For a while, researchers thought the big clumps of tau were the main problem, but now they're more concerned about smaller clusters called oligomers, which are very toxic and can interfere with important cell functions, like transporting materials, energy production, and communication between cells.
Interestingly, tau can spread from one cell to another, which wasn't initially expected since it's an issue that starts inside cells. This spreading could help explain how AD gets worse over time, making tau a key area of interest for understanding and treating AD. Even though we're not sure if tau or Ab starts the disease, or if it begins differently in different people, focusing on how tau moves and causes damage is a hot topic in AD research. This work is crucial for finding new ways to tackle the disease, highlighting the complex nature of AD and the need for targeted approaches to its treatment.
Imagine tau as a protein that helps maintain the structure inside cells, kind of like the beams in a building. When tau gets chemically altered through processes (Translational Modifications) like phosphorylation (adding phosphate groups) and others, it changes shape. This change means tau can no longer do its job of supporting the cell's structure, leading to instability within the cell. As a result, tau starts clumping together into harmful clusters and tangles that can damage the cell.
Moreover, these altered tau proteins can even move to neighboring cells, almost like breaking through walls to invade adjacent rooms, where they can continue causing harm. This spreading contributes to the problems seen in diseases like Alzheimer's, where tau tangles are a hallmark of the disease's damage to the brain.
Theraputic Targets for Tau
Tackling tau protein issues in Alzheimer's disease is tricky because we can't just get rid of tau. Unlike amyloid-beta (Ab), tau is needed by the brain to help keep its structure intact. So, treatments have to carefully target only the harmful actions of tau without affecting its normal, necessary functions. Previous attempts focused on stopping tau from getting too many phosphate groups added to it (a process known as phosphorylation) or preventing tau proteins from clumping together. However, these approaches haven't worked out well. Now, scientists are looking into new methods, like boosting the brain's overall stability or using immune system-based therapies to specifically address the damaging aspects of tau.
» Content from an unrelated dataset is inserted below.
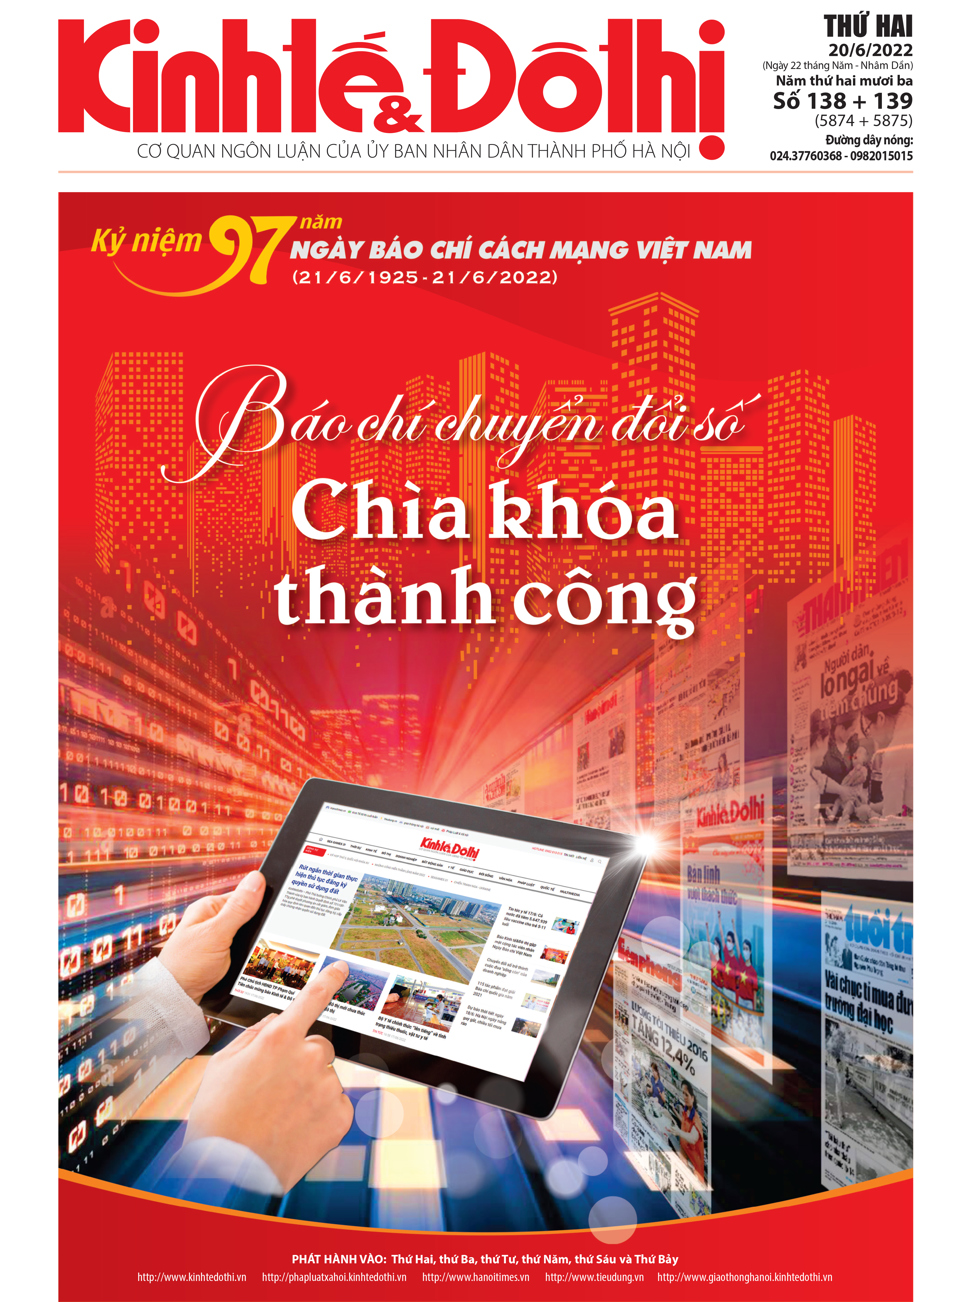 Trang nhất số báo đặc biệt Kỷ niệm 97 năm ngày Báo chí Cách mạng Việt Nam (21/6/1925 - 21/6/2022)

Despite the growing interest in these new tau-targeting treatments, none have yet proven effective enough to become widely used medications.
Conclusion
Studying misfolded proteins like amyloid-beta (Ab) and tau as potential targets for treating Alzheimer's Disease (AD) has sparked a lot of debate among scientists and companies. While research has shown these proteins play a harmful role in various cell functions and contribute to the disease, finding effective treatments based on this knowledge has been challenging. Despite many studies, no successful treatment has come out of it, leading some to doubt whether focusing on these misfolded proteins is the right approach.
However, it's too soon to give up on the idea entirely. Many past studies may have not targeted the most harmful forms of these proteins or used flawed models of the disease, among other issues. This doesn't mean the whole concept is wrong, but it highlights how complex AD is, involving many different factors that work together to worsen the disease. Just like treating high blood pressure often requires multiple medications, AD might need a combination of treatments that target different parts of the disease at once. Finding and developing such comprehensive treatments, and figuring out the best way to use them in patients, is a crucial step forward in the fight against Alzheimer's.